Violin Muse brings together seven premiere recordings of works by British composers, five of them written for Madeleine Mitchell.
They’re a nicely diverse selection, with recorded sound crisp and lustrous throughout, and Mitchell underlines her credentials as a persuasive advocate for these colourful contemporary pieces.
Shades of Shostakovich surface in Geoffrey Poole’s Rhapsody, with its arch melodies and jazz inflections, and there are even echoes of Simon and Garfunkel at one point in the piano’s plaintive repeating patterns. Witty one moment, melancholy and searching the next, Poole’s distinctive oeuvre slips in and out of traditional tonality easily, and Mitchell navigates its high-wire virtuosity with aplomb. Guto Puw’s Violin Concerto – the disc’s only work with orchestra — is another highlight, from the taut, claustrophobic opening in which violin and clarinet track each other to the menacing, visceral ending. The pacing is perfect, Mitchell and the BBC National Orchestra of Wales detailing Puw’s richly imagined language with compassion.

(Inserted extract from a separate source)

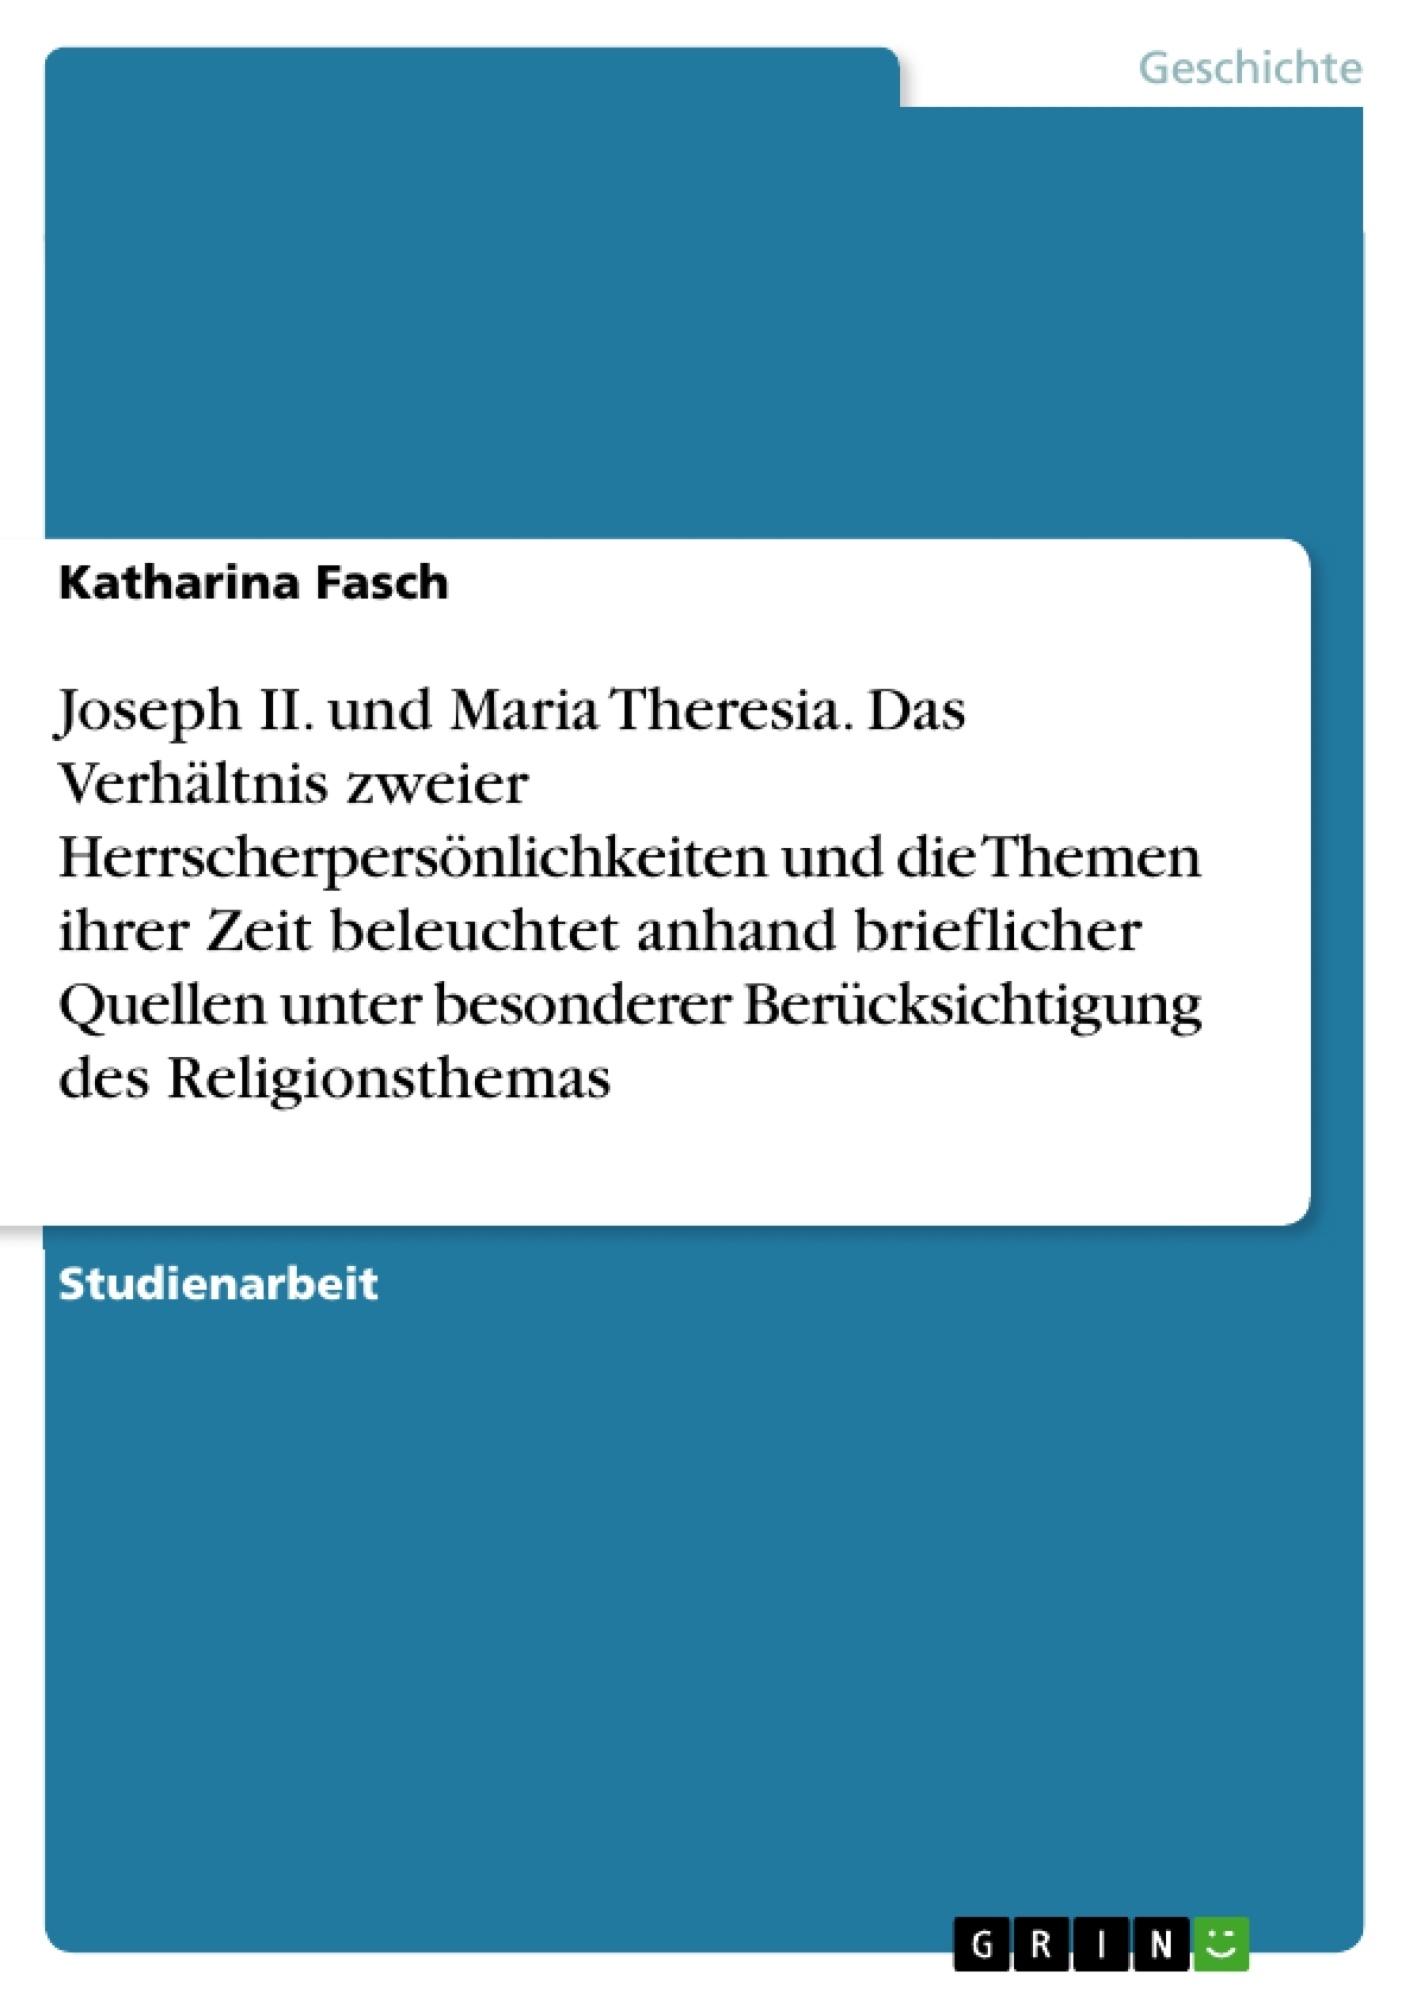 Titel: Joseph II. und Maria Theresia. Das Verhältnis zweier Herrscherpersönlichkeiten und die Themen ihrer Zeit beleuchtet anhand brieflicher Quellen unter besonderer Berücksichtigung des Religionsthemas

The slow creep of plainsong in Sadie Harrisons Aurea Luce builds to blistering richness, blown away by Judith Weir’s brisk and wonderfully spare Atlantic Drift, with its snatches of folk song. Here, Cerys Jones gives sensitive support as the second violinist.
For me, Nyman’s strident Taking It as Read fells a little flat after so much colour and high drama, but it’s still a winning disc with much to enjoy.